It was on the tip of my tongue to say something nasty that I hadn’t been upset like this before seeing him so I didn’t know how him staying around would help. That thought made me mentally flinch.

Since when was I so vicious and wanted to hurt other people like that when I hurt?

I snapped back to what was going on when he stopped in front of me.

“I’m sorry,” he said again. “I’m really sorry that I hurt you. You believe me that I didn’t mean it how it came out, right?”

“Yeah.”

He let out a shuddering breath. “No, you don’t. You said that so I’ll leave. Don’t lie to me, Bev.”

I met his gaze and blinked back tears. “Then don’t make me feel like I’m not safe enough to be honest with you or it won’t be used against me.”

He swallowed loudly and I saw tears fill his eyes as well. “That’s not what I meant to do, sweetie. I’m sorry.” He closed his mouth but then opened it again. He didn’t say anything and ripped open the door instead.

I felt better after he left even if I felt bad for taking that shot at him. That probably wasn’t fair.

But to have him throw all of this in my face—or even feel like he did—when I was in this position because I’d saved his brother was… Fucked.

I wasn’t sure there was another way to put it besides fucked.

Though I did agree with him that I needed to talk about what happened. Even what just happened right now with him.

I texted Tracey that I wanted to come home and get some work done and that was where I’d be. She said she’d send one of the guards to Morrigan’s guard station to pick me up and bring me home.

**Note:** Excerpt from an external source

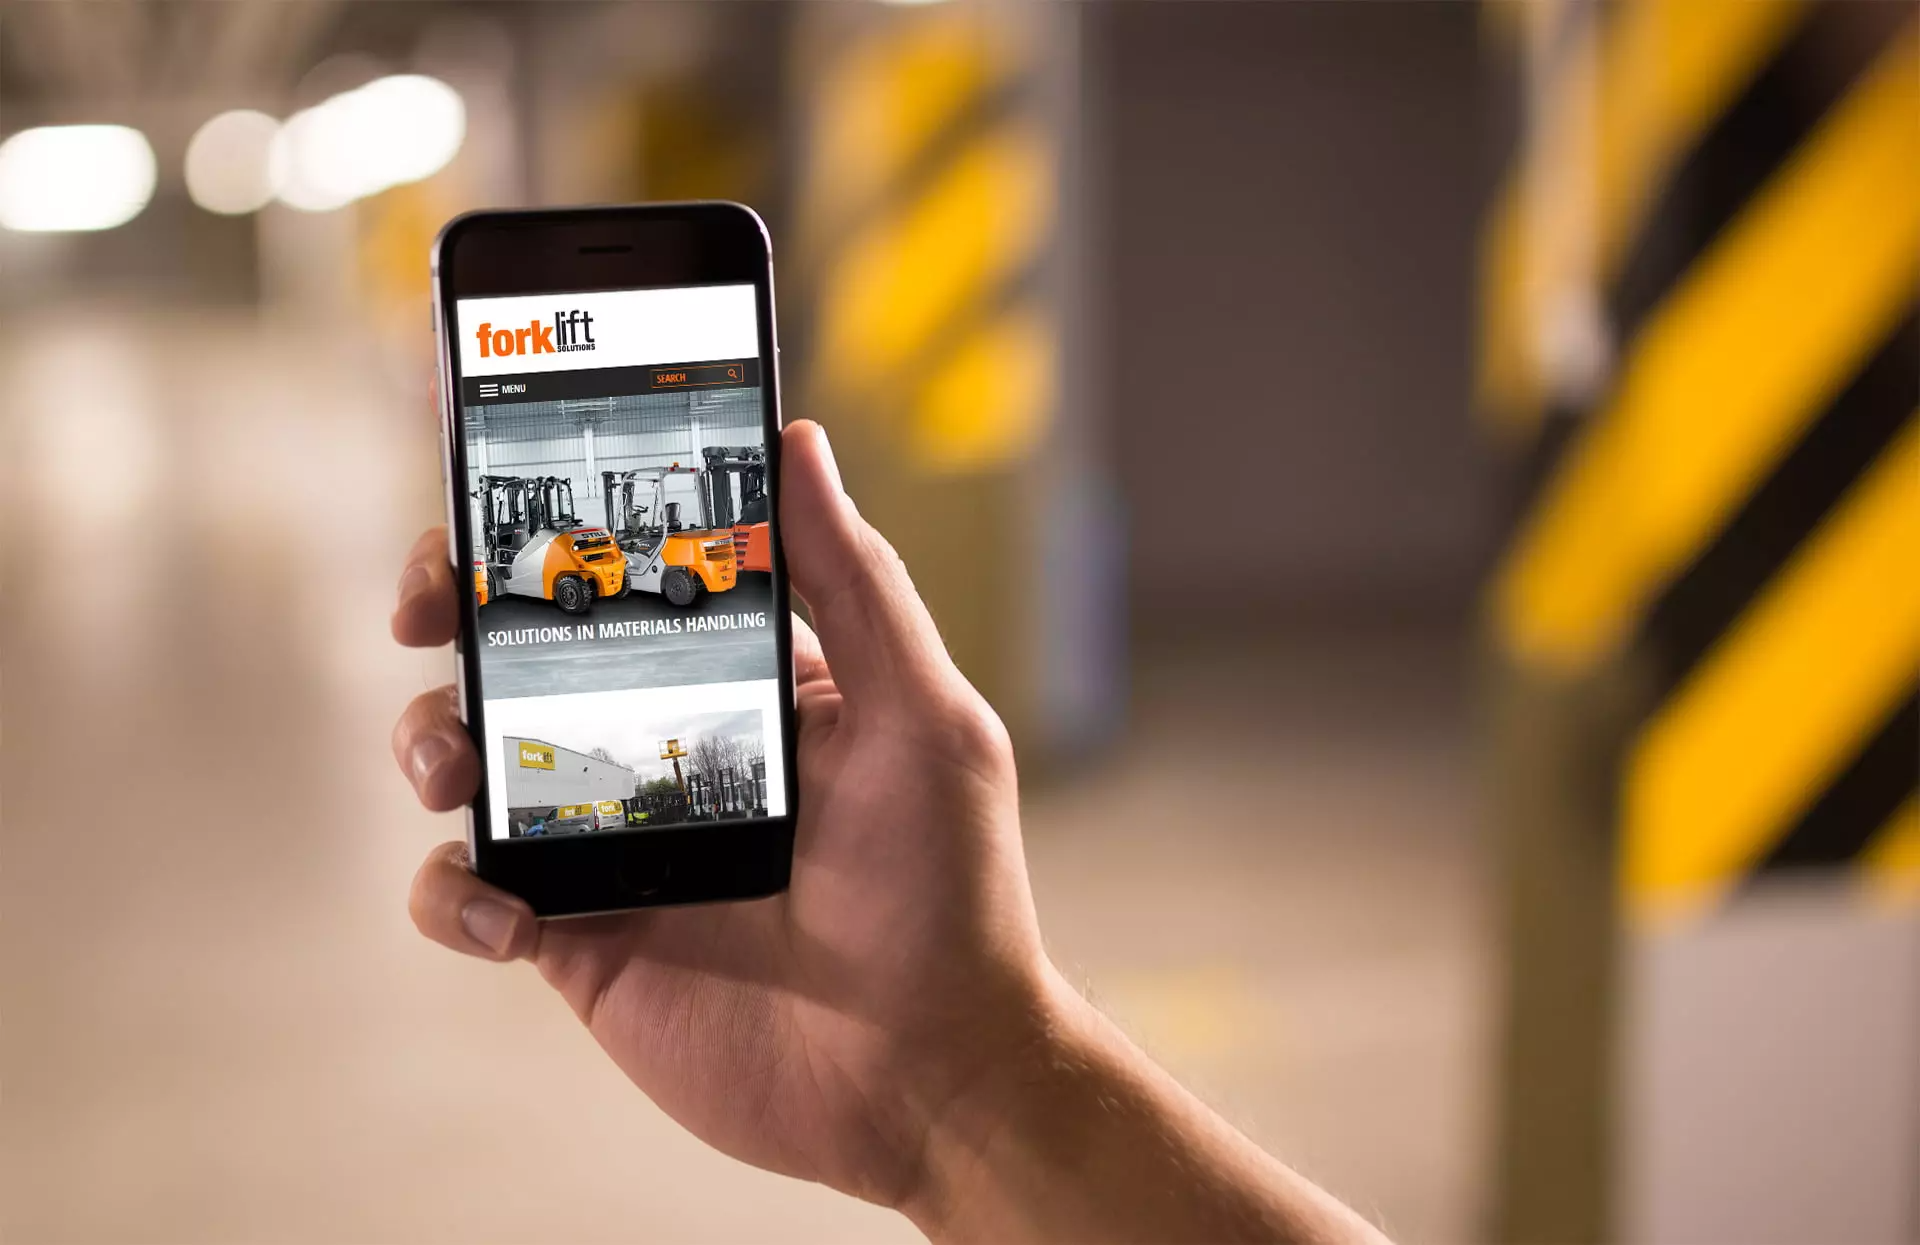 Forklift Solutions website displayed on mobile device
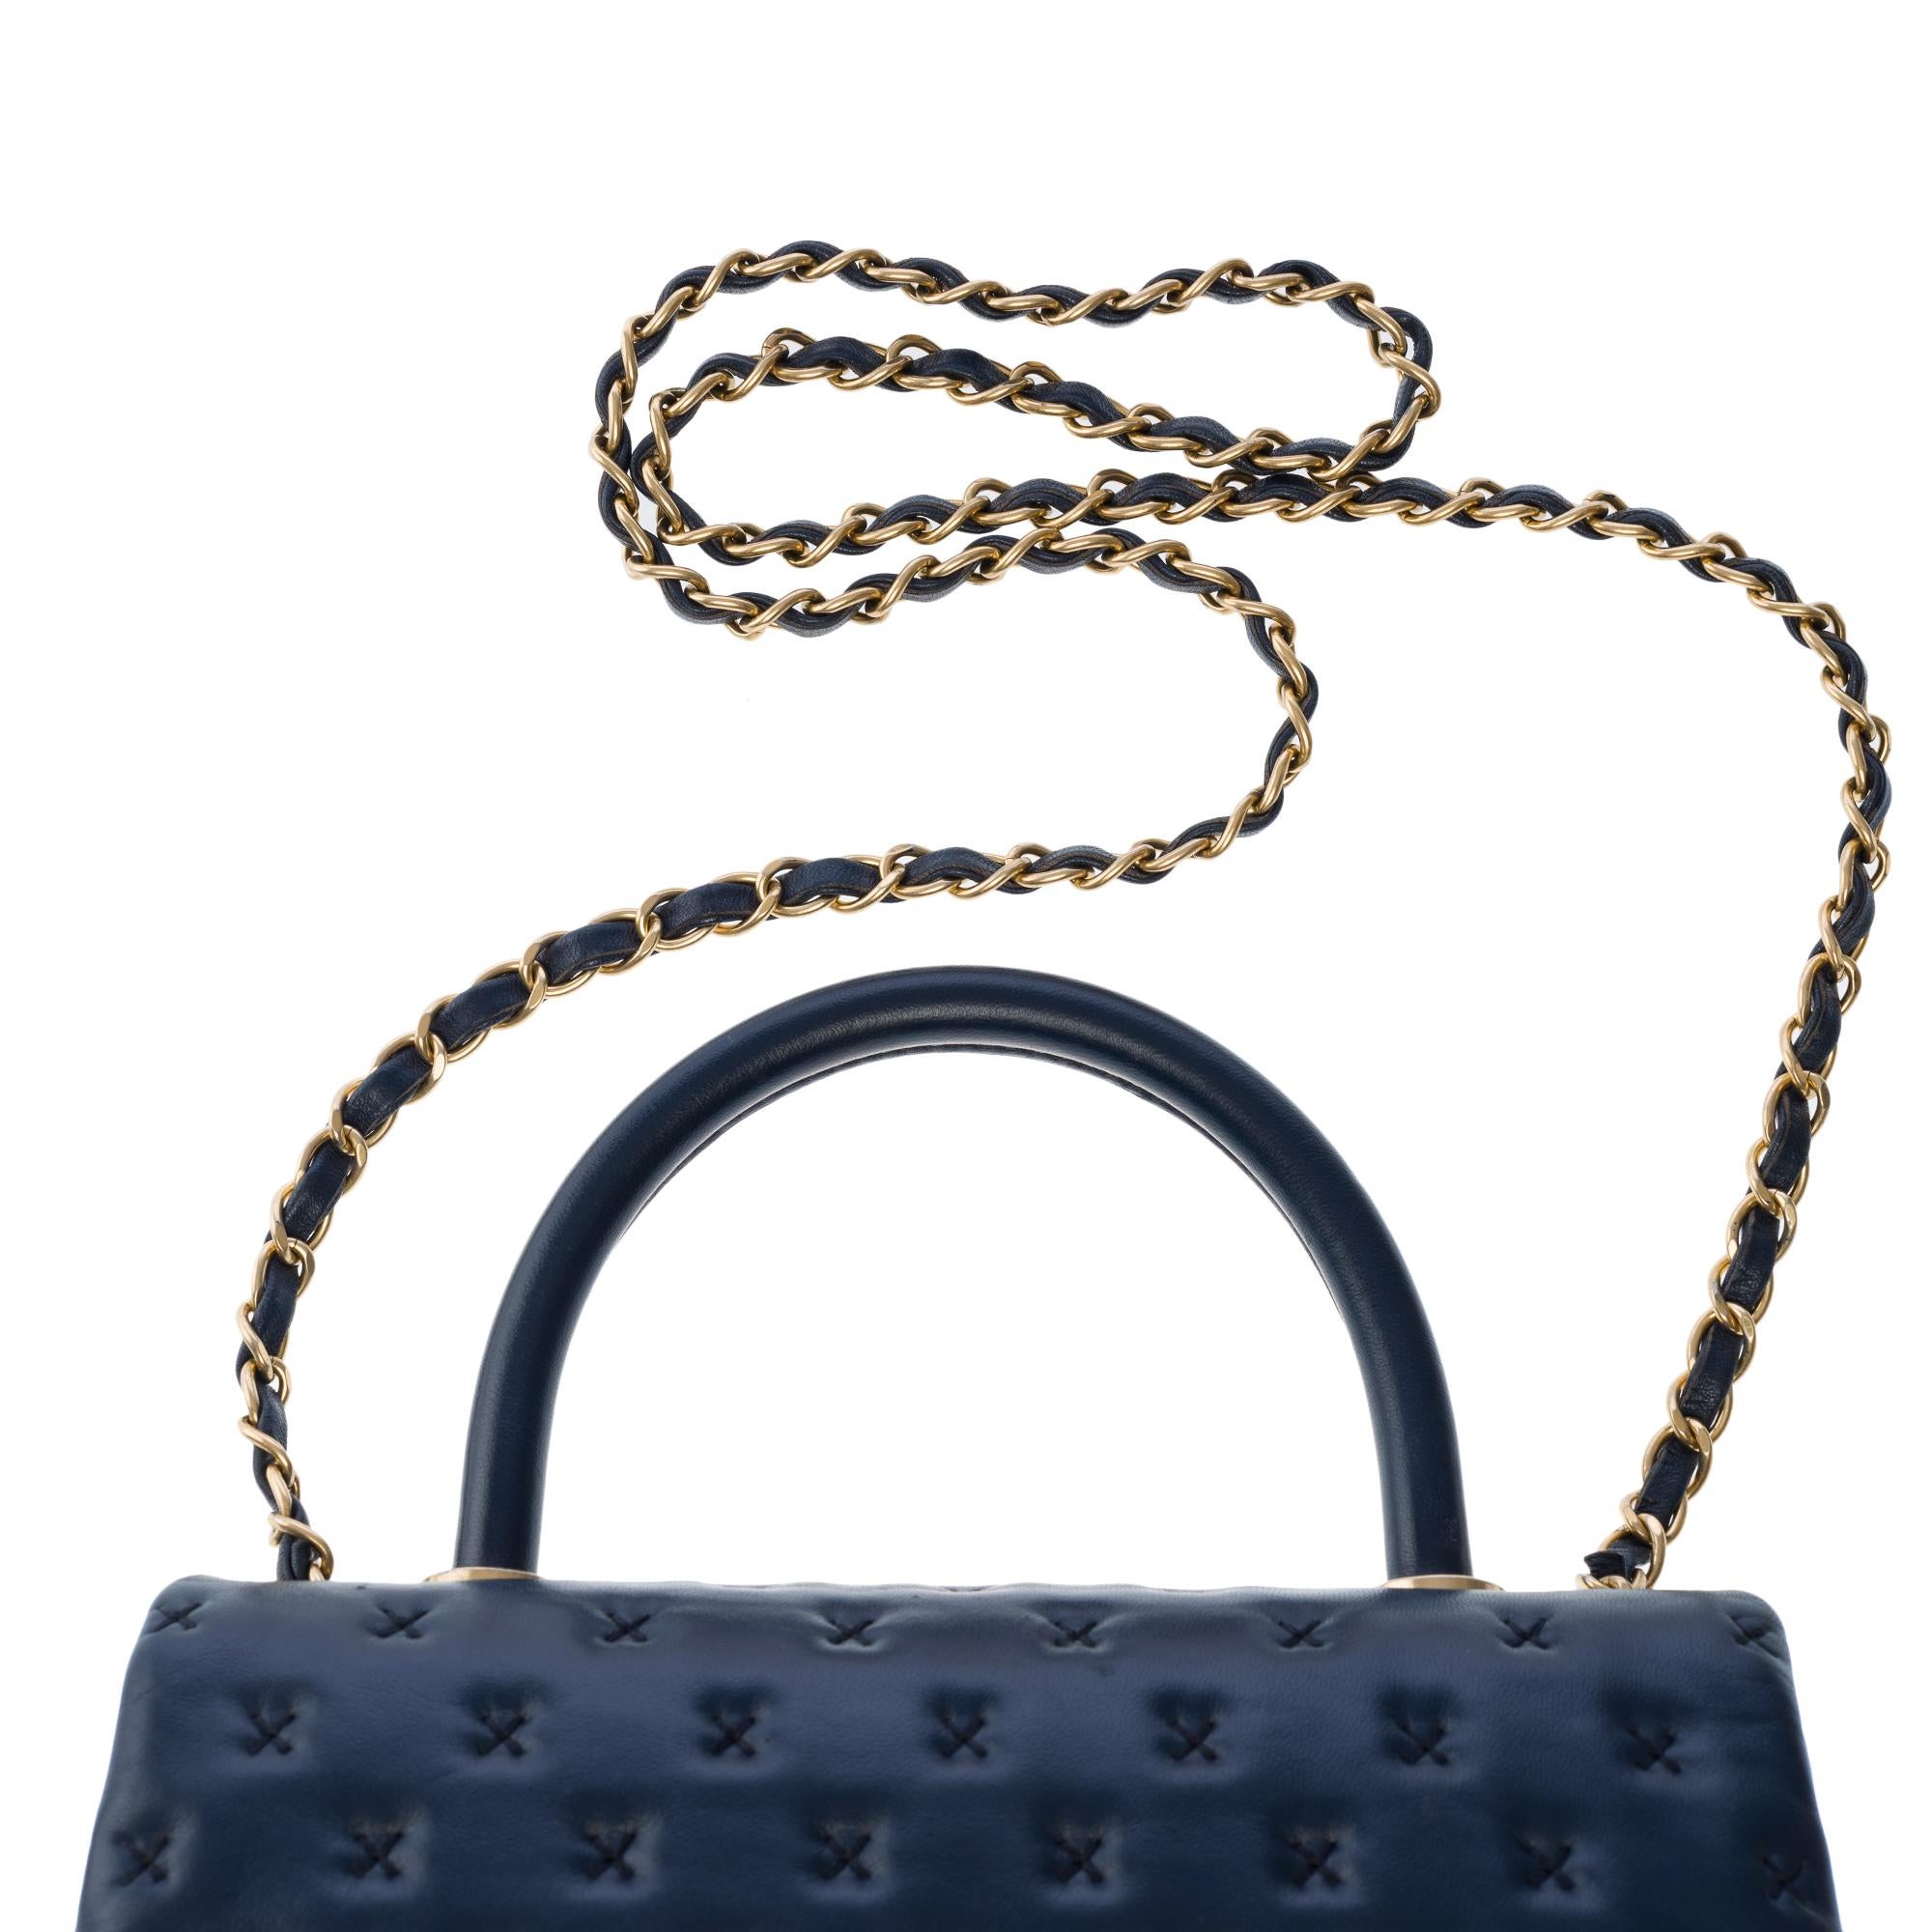 FW2016 Paris-Rome- Chanel Coco handle handbag in Navy blue lambskin leather, GHW 4

That was our new procedure now so I didn’t keep having to ask for favors to be circled home, and we didn’t trust the school with the location of my house.

Underpaid employees were the easiest kind to be bought off by bad people. I knew that well given the family I was born to.

I recognized Taylor’s guy and thanked him for coming. He nodded and set the circle to take us to the gate of my house. All of the guards couldn’t circle to the property. That could be a problem as well, so—we were taking as many precautions as possible, but it was all a balancing act for sure.

Ten minutes later I was sitting on the cleared-out area for a huge terrace and patio we were putting in. There was also going to be an addition in the spring for a sunroom, home gym, and indoor pool. Tracey and Jasmine both loved swimming, and given the problems they could have going to the gym and in public spaces… It was honestly more cost-efficient.

Bodyguards were fucking expensive. Having them to go with them both for several hours a week so they could use the gym facilities—yeah, better to put on an addition and get what we needed at home.

Plus, then I could have access to the treadmill I really liked that my parents had. The school didn’t have the same funds, so they weren’t as great. That seemed spoiled, but when someone ran as much as I did—I needed the top gear.

Which reminded me that I needed more running shoes. I really did go through them too fast.

“How do you like the outdoor ottomans, Tracey picked out?” Woodchuck asked after I sat down on one. I’d pulled the other over to have all of my supplies on since there wasn’t much else out there in the dug-out and leveled area.

“They’re nice,” I told her, wiggling my butt on it. “I might want like a pillow topper if I have a bunch of sessions back-to-back.”

“But you need to get up and move around too,” Bubba told me.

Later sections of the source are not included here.